Appare quindi fondamentale la collaborazione del cittadino terzo rispetto ai fatti che ha una visione più
obiettiva della situazione e che può percepire il pericolo, mentre la persona direttamente coinvolta per motivi
anche psicologici non vede.
L’aspetto psicologico della vittima va quindi sempre tenuto ben presente. Si ricordo il caso di un’indagine
per maltrattamenti in famiglia da parte di un marito nei confronti della moglie, che l’ha denunciato; le
indagini portarono all’allontanamento dalla casa famigliare nei confronti marito, ciò nonostante la donna al
processo contro il marito violento, si è presentata in aula sottobraccio a lui.
Ci occupiamo anche di prostituzione minorile e pedopornografia come da recenti fatti di cronaca in cui, è
doveroso sottolineare, l’indagine è iniziata grazie ad una segnalazione della scuola. Questo per dire che è
fondamentale che l’ufficio mantenga costanti e proficui rapporti di collaborazione e di informazione con le
istituzioni e gli enti che sono in contatto con i minori o comunque con le cd. fasce deboli. In quest’ottica
hanno un ruolo fondamentale anche i rapporti di collaborazione con i centri antiviolenza e le associazioni di
tutela delle donne vittime di maltrattamento o sfruttamento.

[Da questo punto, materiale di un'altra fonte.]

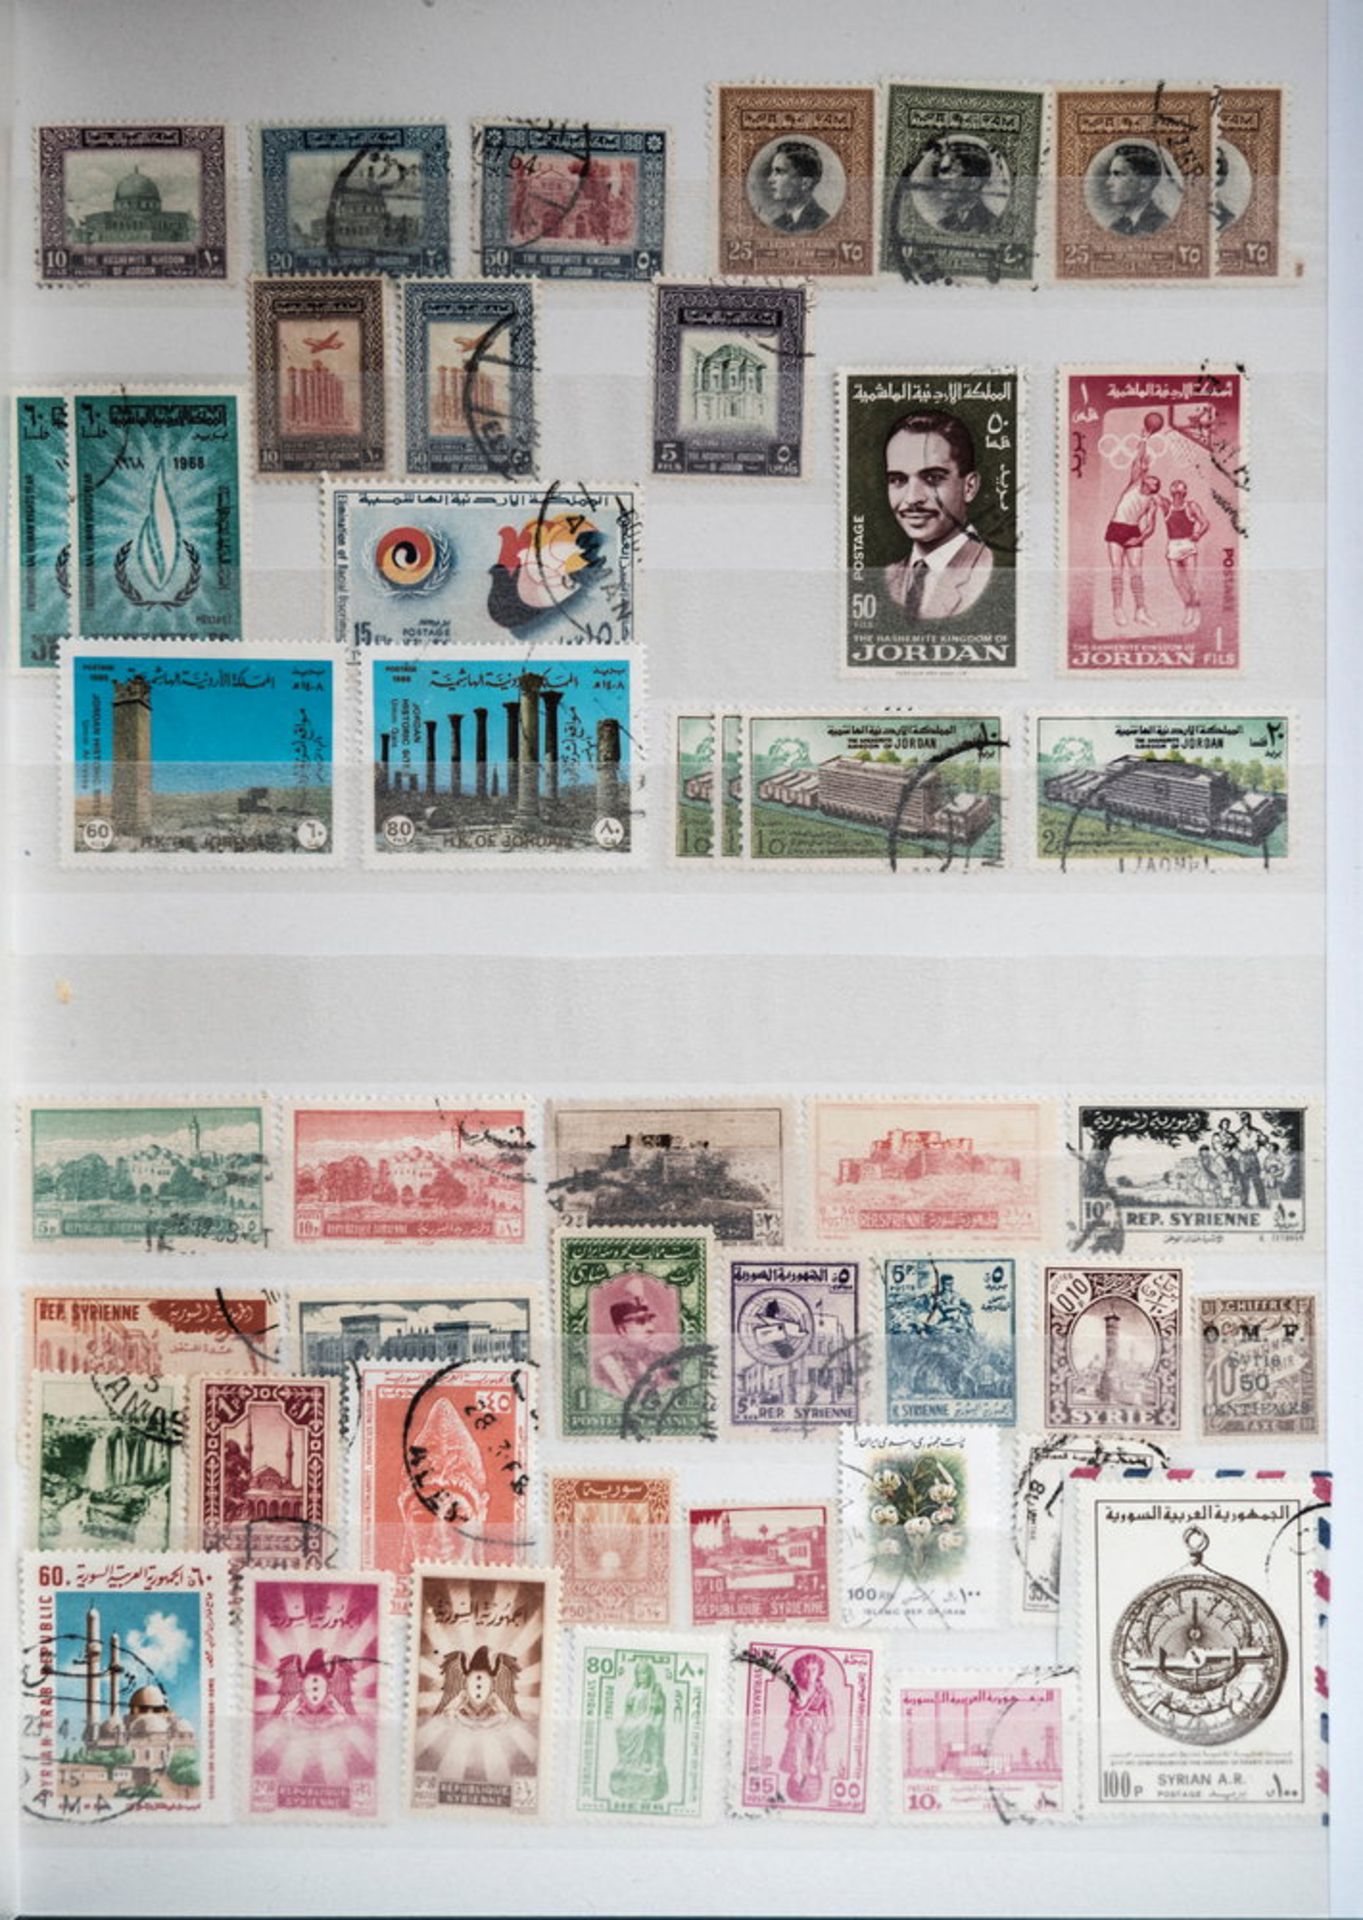 Sammlung Arabien und Vorderasien/Israel. Dazu drei Briefmarken - Steckkarten Ägypten.>/de> - Bild 5 aus 7

Negli anni si sono consolidate delle prassi e dei modus operandi che coinvolgono molte figure professionali
che operano sul territorio, prassi che hanno portato poi a dei protocolli di intesa che in questa provincia sono
operativi ed efficaci.
Per fortuna una gran parte dell’attività che svolgiamo serve a verificare che l’ipotesi di reato iniziale era
inesistente. Ciò comporta comunque un’attività investigativa capillare e articolata, perché anche per
dimostrare che un fatto non sussiste occorre approfondire scrupolosamente la vicenda.